Table 4 Exergies are not the same as Energies!
Table 5 Energy, exergy and entropy of scientist’s output
Table 6 Energy, exergy and entropy of scientist’s output in chronological sequence
Fig. 2
figure 2

The Exergy–Entropy sequence of a scientist’s output arranged chronologically can be shown in an Energy–Exergy–Entropy diagram

Before proceeding to further applications of the idea, it will be worthwhile to review the thermodynamic understanding of the terms energy, exergy and entropy.
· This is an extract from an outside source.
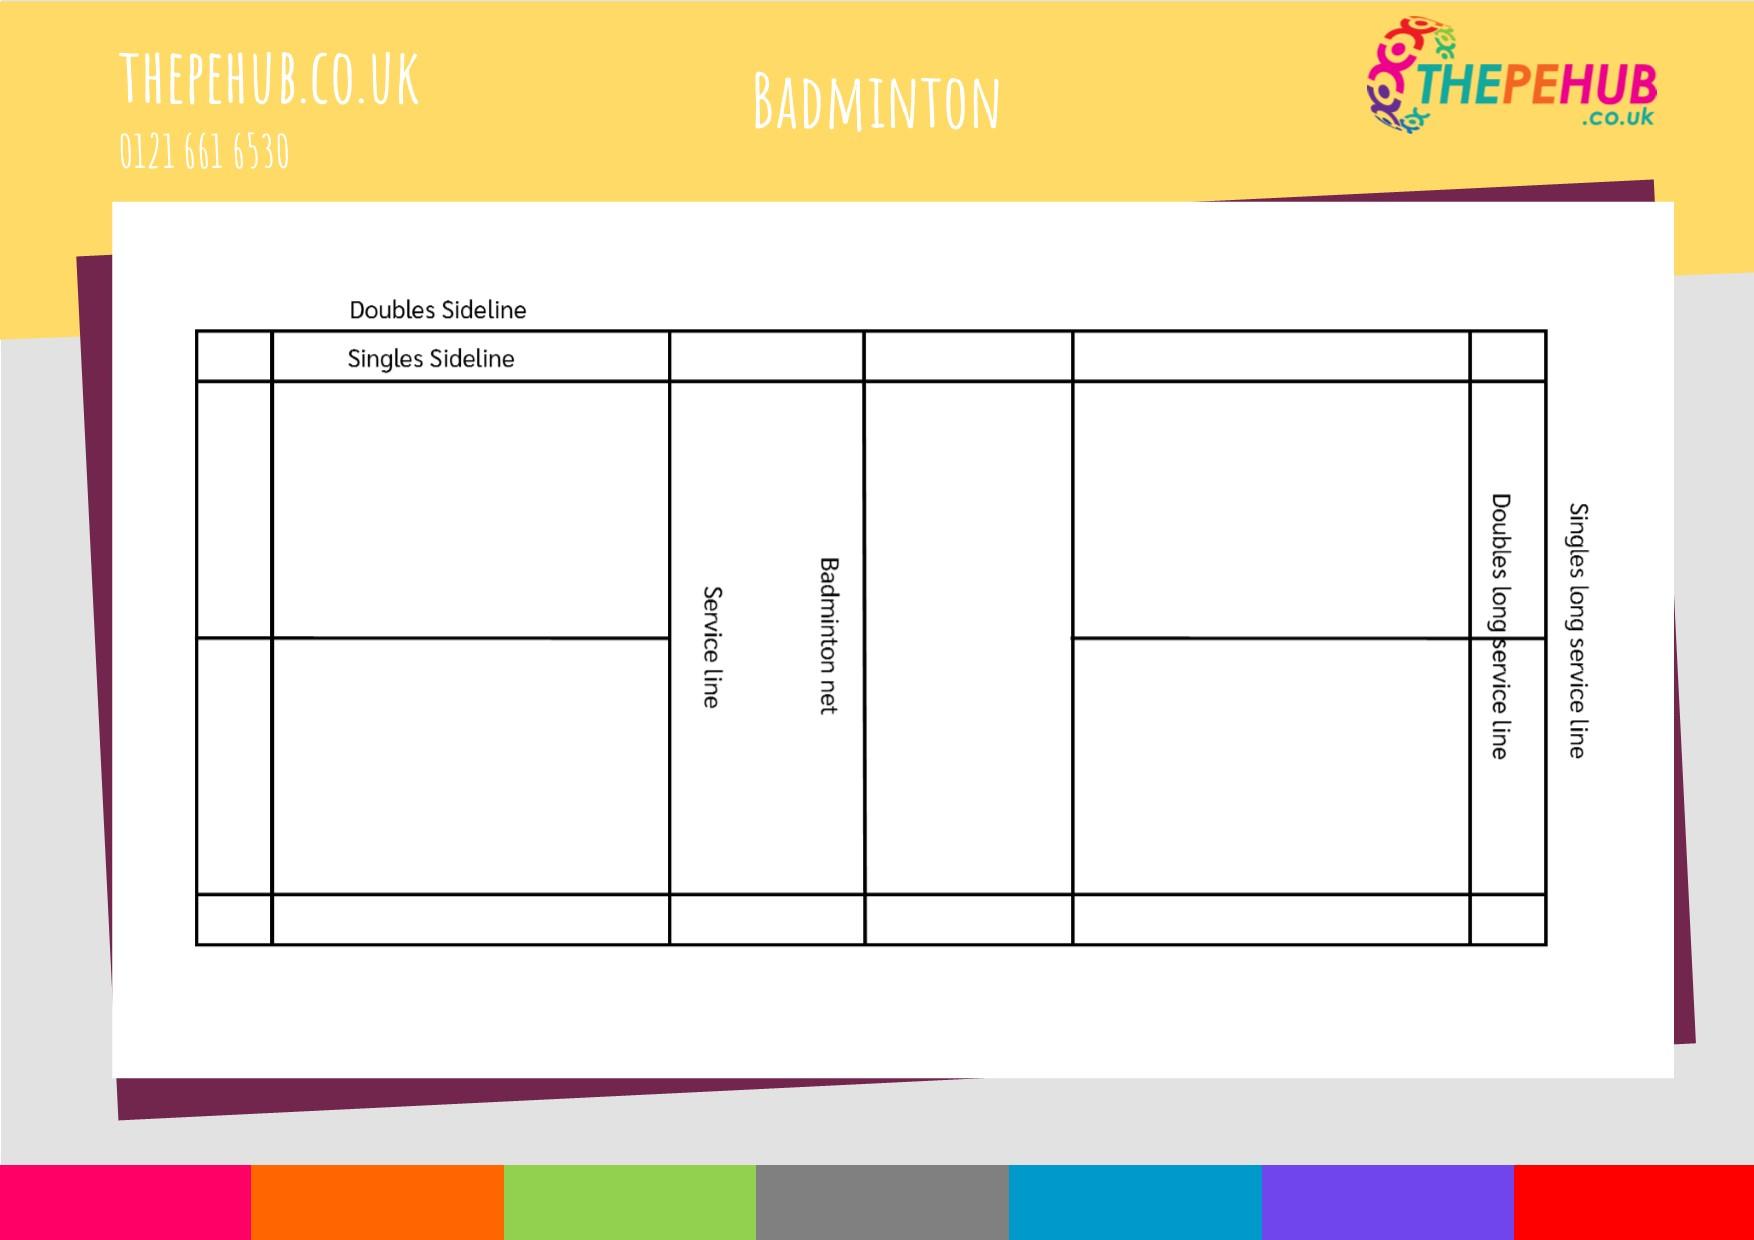 School games badminton court layout

Sciubba and Wall (2007) document that ‘at a scientific meeting in 1953, Zoran Rant suggested that the term exergy should be used to denote “technical working capacity”—energy literally means “internal work” (from the Greek en [εν] and ergon [εργον]), and the prefix ex [εξ] implies instead an “external” quantity.’

An excellent explication is available in Dincer and Cengel (2001). The definition of the terms entropy and exergy and their properties emerged from attempts to quantify the quality or “work potential” of energy in the light of the second law of thermodynamics. This was based on the realisation that it was not enough to state the principle of conservation of energy through the first law of thermodynamics to have a full understanding of such processes. According to the first law of thermodynamics, energy has quantity (and by implication 100% quality). Empirical evidence has shown (and so far never contradicted) that thermodynamical processes always occur in the direction of decreasing quality of conversion of energy (Dincer and Cengel 2001). Entropy and exergy were introduced as concepts to reconcile this. Indeed these definitions go beyond thermodynamics and can be applied to any process where quantity and quality need to be stated and measured (e.g. statistics, information theory, ecology, etc.). The bibliometric process is one such. In a bibliometric sequence, we have both quantity (the number of papers published) and quality (impact = ratio of citations and papers). Thus, it is not surprising that the concepts of energy, exergy and entropy can be stated in terms of P and C in the manner shown in this paper.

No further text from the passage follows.